One could argue against the infusing priors approach by e.g. saying that it is undesirable in that it may result in a largely static system and that it is infeasible in the first place since we are very much lacking understanding of the human brain and by that limited in our abilities to explicitly translate human knowledge into computer code. One could oppose the learning from data approach by claiming that the machine learning approaches existing today are fundamentally lacking, and even given a great amount of high-quality data and compute, no great progress is to be expected without major innovations.

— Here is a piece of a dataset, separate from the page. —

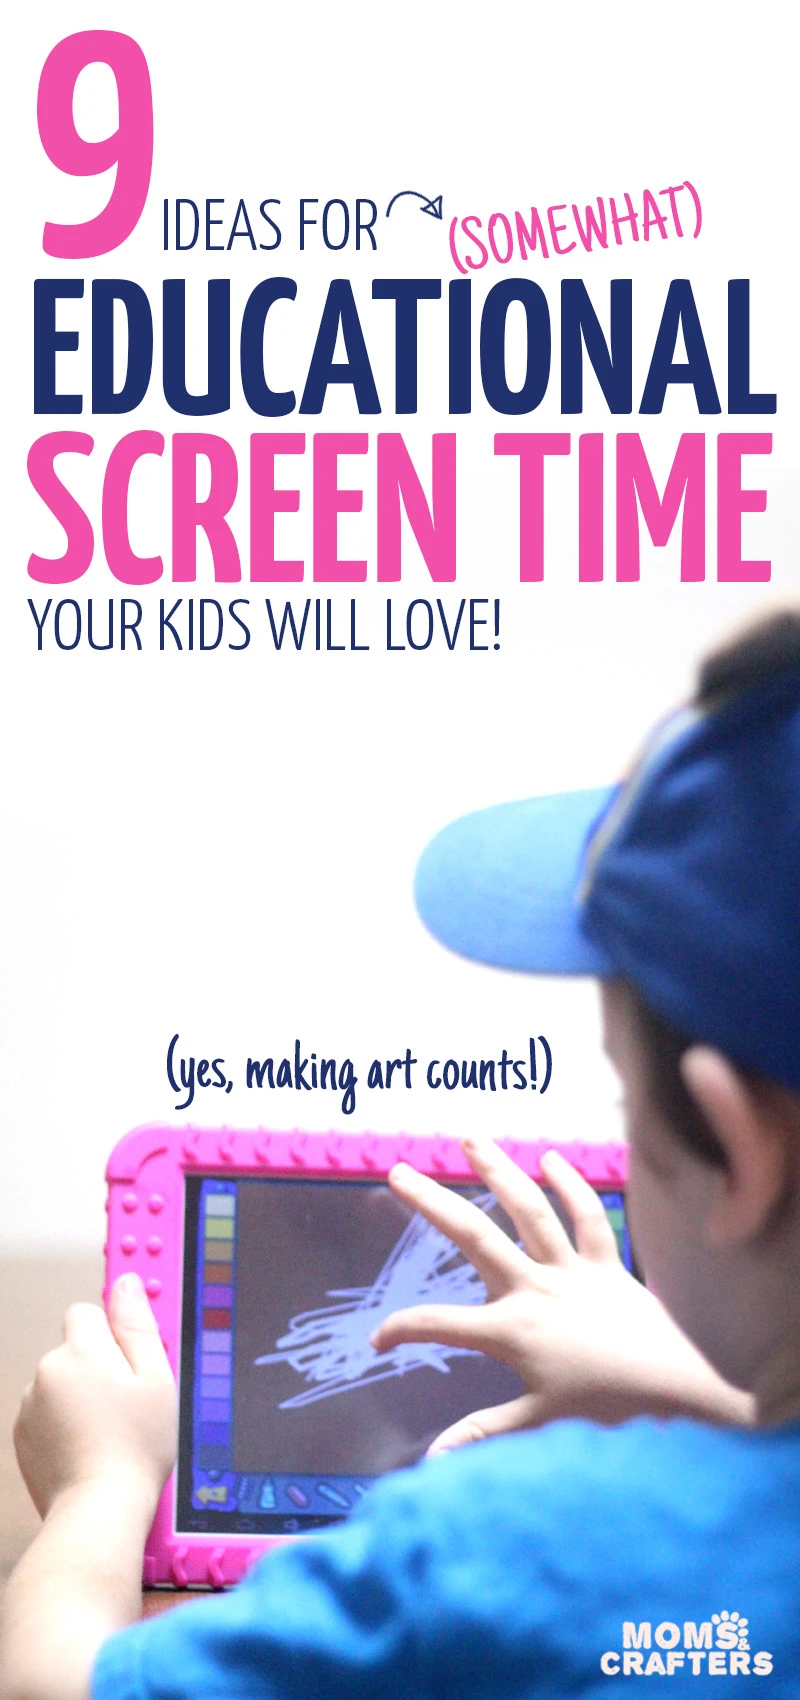 These practical ideas for educational screen time will make your kid want to learn! YEs, these are totally kid-approved for kids of all ages including preschool, kindergarten, all the way up to teens and tweens! They include learning apps, online courses and creative ideas - all of which will make great boredom busters while granting mom her sanity back :)

Nevertheless, it seems that there is indeed a need for, or at least utility from, additional data to learn from (since, while there is a lot of data covering a lot of the concepts relevant for ARC, almost no data in the ARC-format exists). This would also allow to falsify the hypothesis that current (meta-)learning methodologies are insufficient (by scoring well on the ARC test set with solely current learning methodologies). Generating data is indeed something that people have been working on. However, it is not trivial at all: How can you semi-automatically create many ARC-like tasks that broadly cover the core knowledge priors and exhibit great diversity, but which are also ? Is there an upside from having annotated data, i.e. not only generated tasks, but also programs (in some DSL) that solve those tasks, such that more supervised program synthesis approaches as opposed to mere fully end-to-end approaches are also enabled?

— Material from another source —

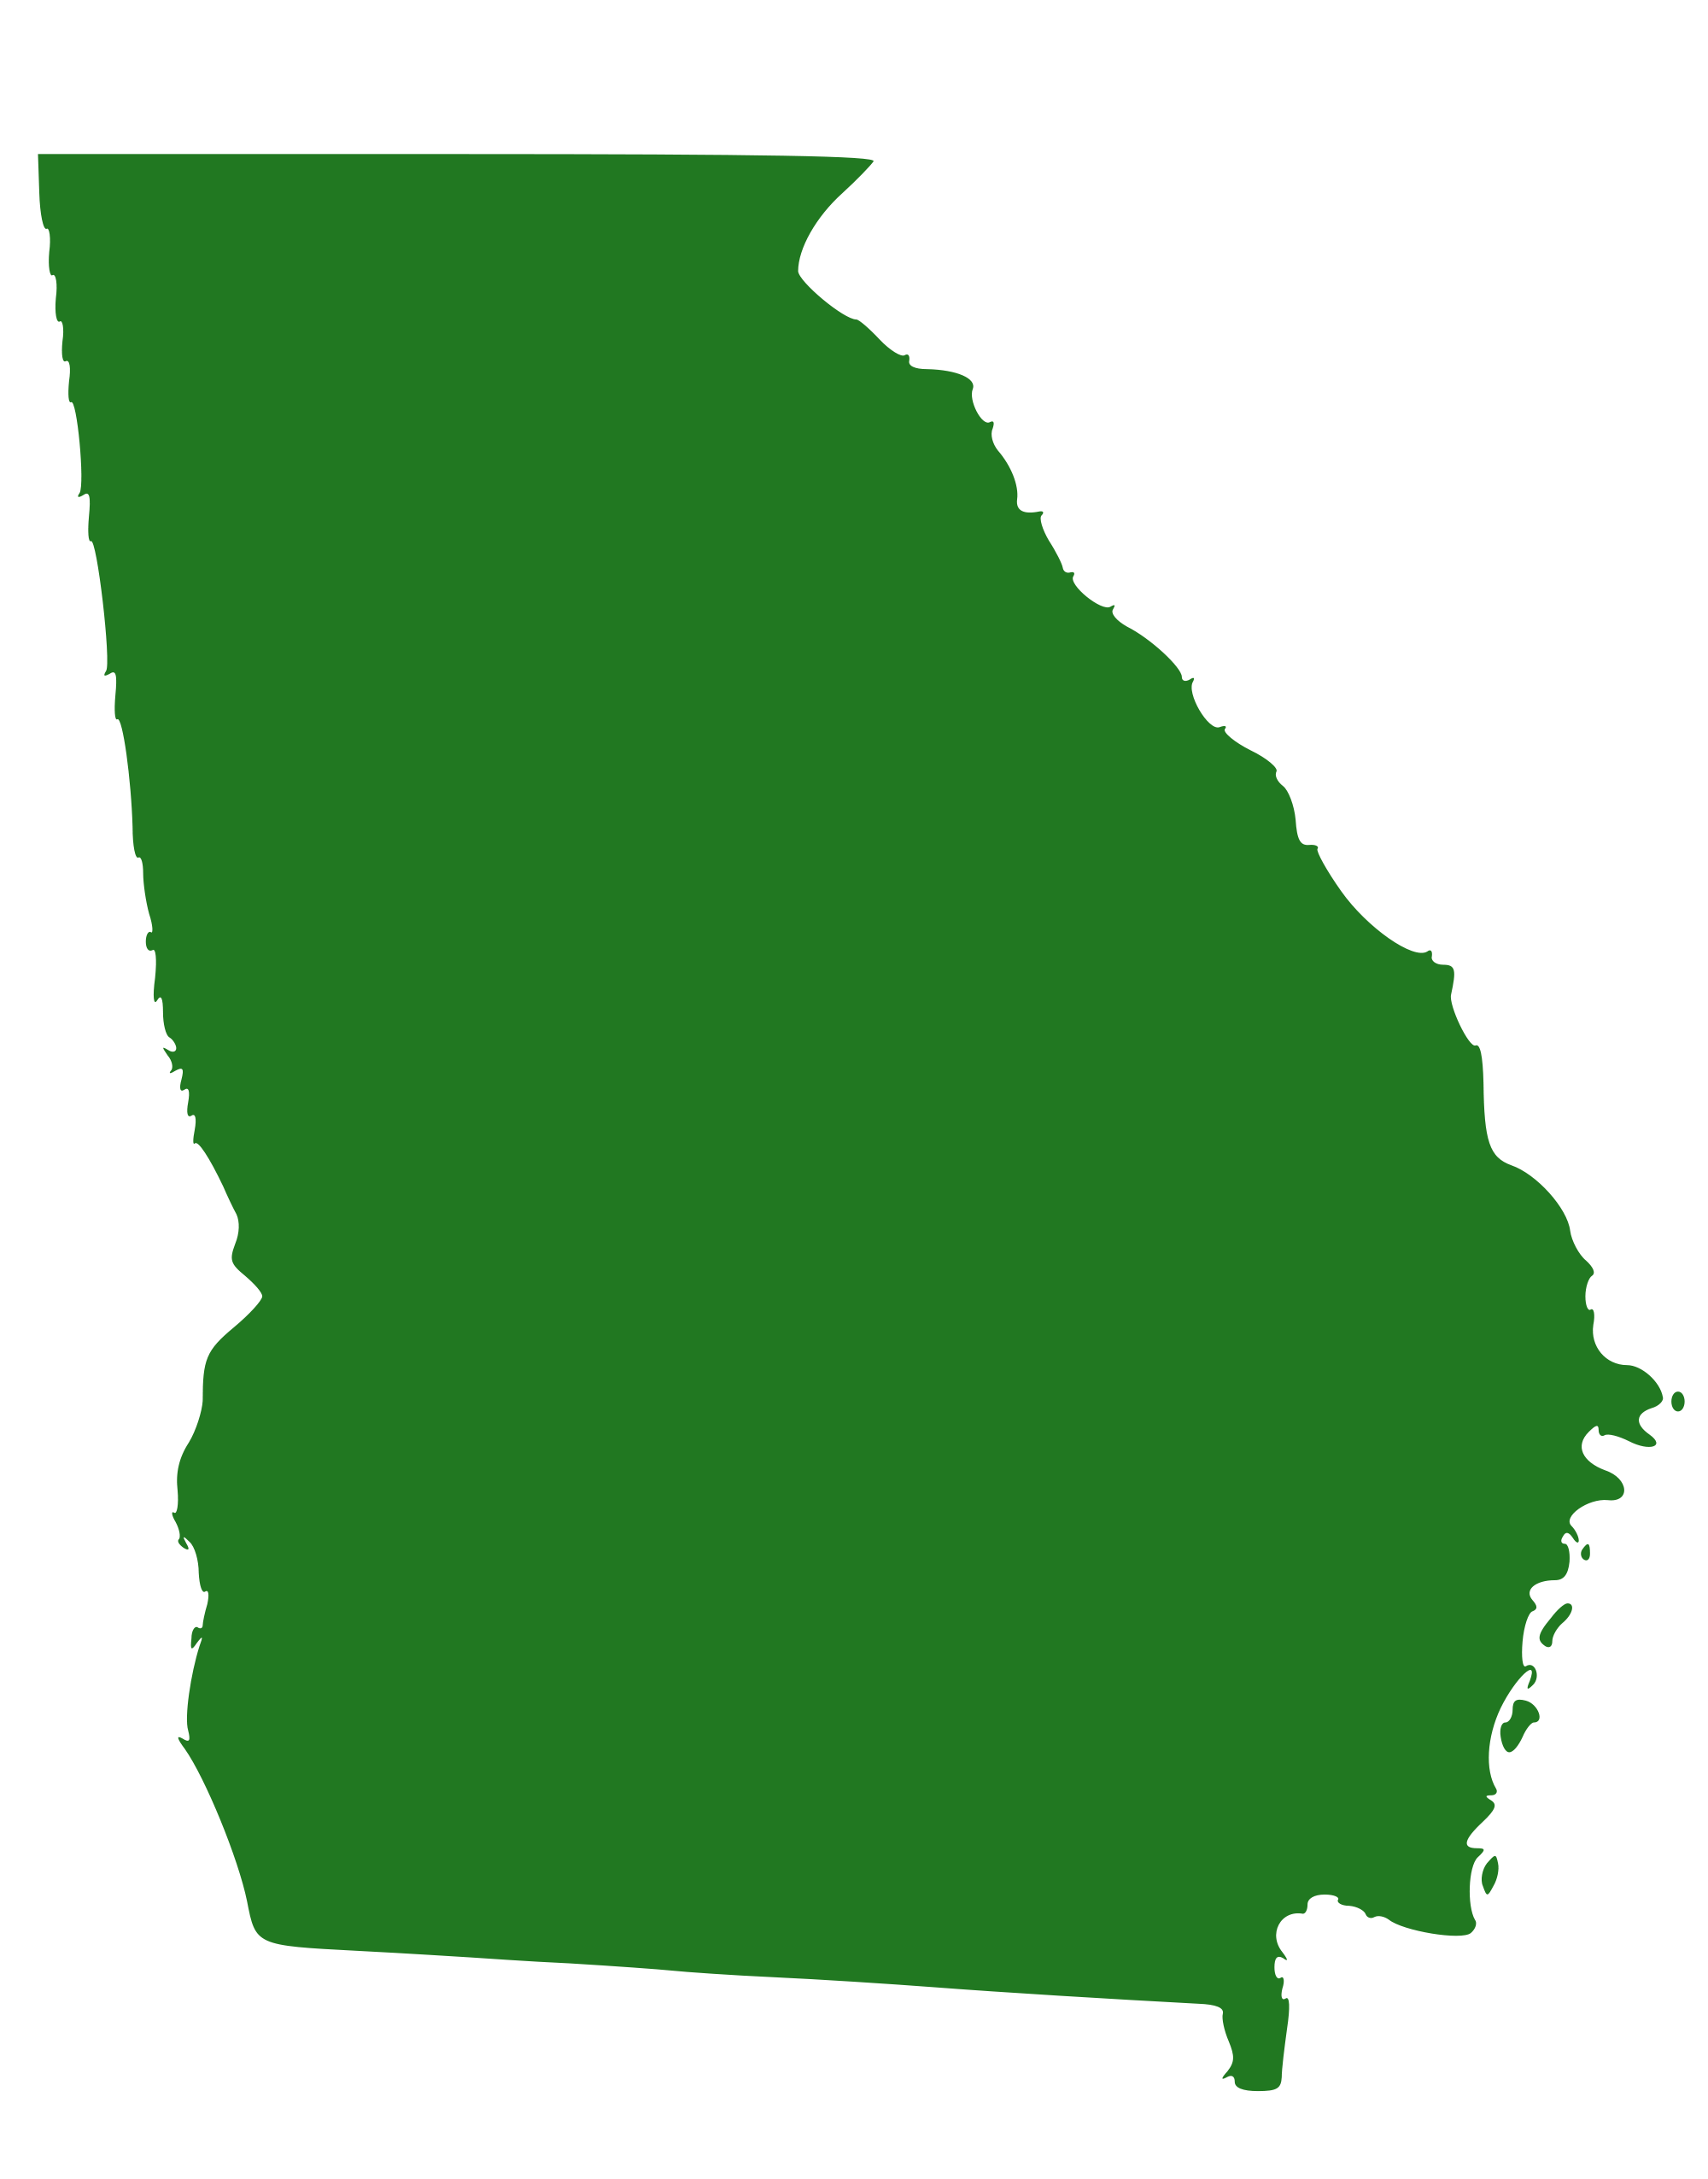 File:State of Georgia.svg - Wikimedia Commons

To also foster the other side: How could one systematically assess the quality of coded-up prior knowledge? Naively, one may think that one way could be to define quality metrics for a Domain-Specific Language, e.g. how slim and generic it is, and how short the programs are that solve particular ARC tasks which it enables (since the size of the DSL and the size of the solution programs obviously greatly influence the space of possibilities over which one has to do program search/synthesis). However, such a notion, while potentially useful, would of course be very limited, since there is a lot of knowledge that may not be captured by an ordinary DSL, e.g. meta-knowledge about how to use DSL primitives (i.e. a mapping from properties of an ARC tasks to which subset of a DSL would be relevant, or how DSL primitives interplay in the first place, etc.).
Those are the two main ways of trying to make progress on ARC. To what degree has the potential of fully hardcoded systems already been exhausted? How far can we get with pure end-to-end learning approaches? Can we bridge the gap between the two? Maybe creating additional ARC-like data and augmenting it with information like programs in a DSL, natural language descriptions, etc. is crucial for hybrid approaches (like supervised program synthesis). Or have we perhaps not looked hard enough in the right places to this day?